Total execution time for different number of parallel processing threads for neural network training for two classification datasets

Again, the required training time decreases drastically with increasing parallel processing units.

Conclusions

In the present work, a number of ideas were presented that can lead to an efficient parallel implementation of the PSO technique. The need for parallelization of the method is great, as it is an iterative process involving repeated operations on vectors and these operations for large problems may require significantly large computational time. In the current work, a technique of propagating the best particles between computing units as well as a termination rule of the overall process was introduced. In the case of the propagation of the best particles from the experiments carried out, it appears that it is more efficient to send between the computing units more than the best particle. Furthermore, the propagation method between parallel computing units did not have a drastic effect on the efficiency and speed of the method, although the 1-to-N propagation method appeared to have slightly better results. Furthermore, the increase of the parameter \(N_{P}\) from one to five decreased the required number of function calls. However, the biggest gain from using the method lies in the increase in parallel processing units. From the experiments performed, it is evident that as parallel processing units increase, the total function calls required to find the global minimum decreases almost for every objective function. In addition, the increase in parallel processing units improved to some extent the efficiency of the method in finding the global minimum. The effectiveness of the proposed method was also shown in the comparison between its serial version and two other widely available techniques in the relevant literature. In this comparison, the serial version of the method required significantly fewer function calls to find each global minimum. Overall, the main contributions of the proposed method are: the velocity calculation mechanism, the propagation among parallel computing units, and the termination rule representing an innovative technique in improving the performance of the algorithm.

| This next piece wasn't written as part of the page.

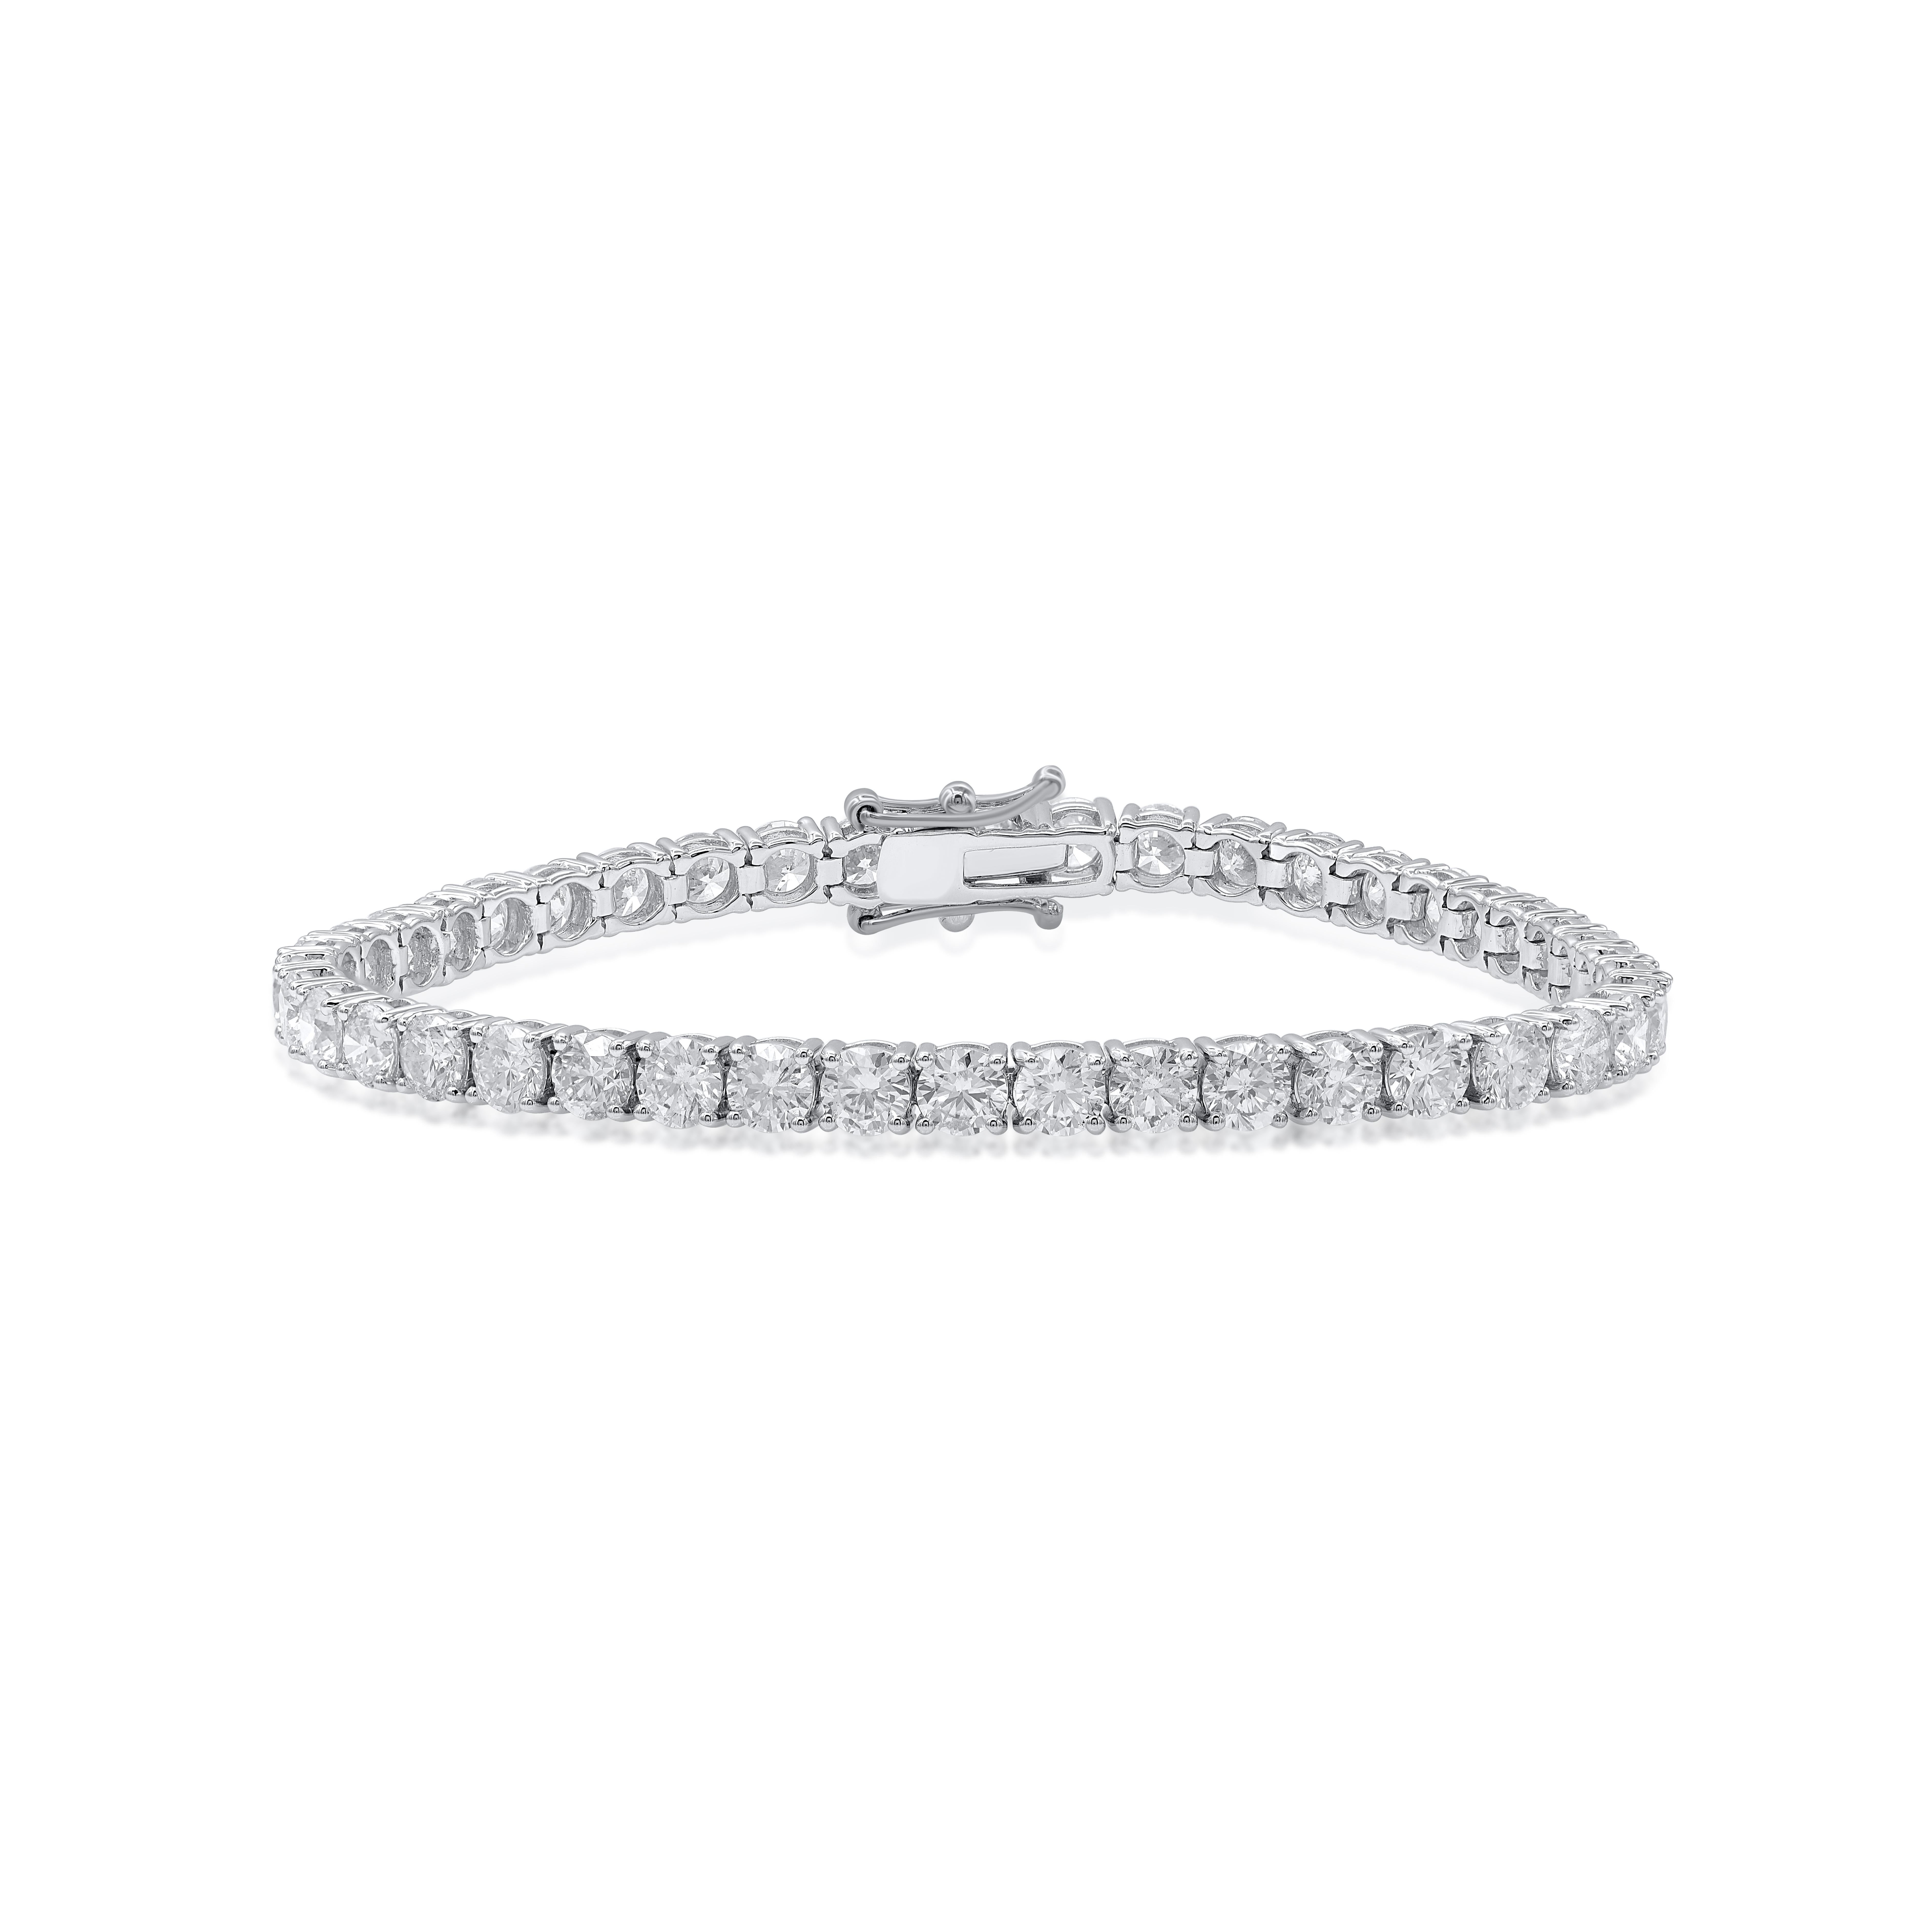 10 carat tennis bracelet

On a percentage basis, the proposed technique significantly outperforms the other two compared global optimization techniques. The serial version of the proposed technique reduces the required number of function calls by 22–28% compared to the genetic algorithm and the particle swarm optimization techniques, respectively. However, with the use of more processing units, the reduction in the number of function calls reaches approximately 70%. Furthermore, from the relevant experiments done on the actual execution time, it appears that any doubling of parallel processing threads halves the required execution time required to find the global minimum.

In the future, the important work done in the parallelization of the PSO technique can be continued with the use of new termination rules that will be suitable for execution in parallel computing environments, but also a possible extension of the best particle propagation techniques between parallel computing units.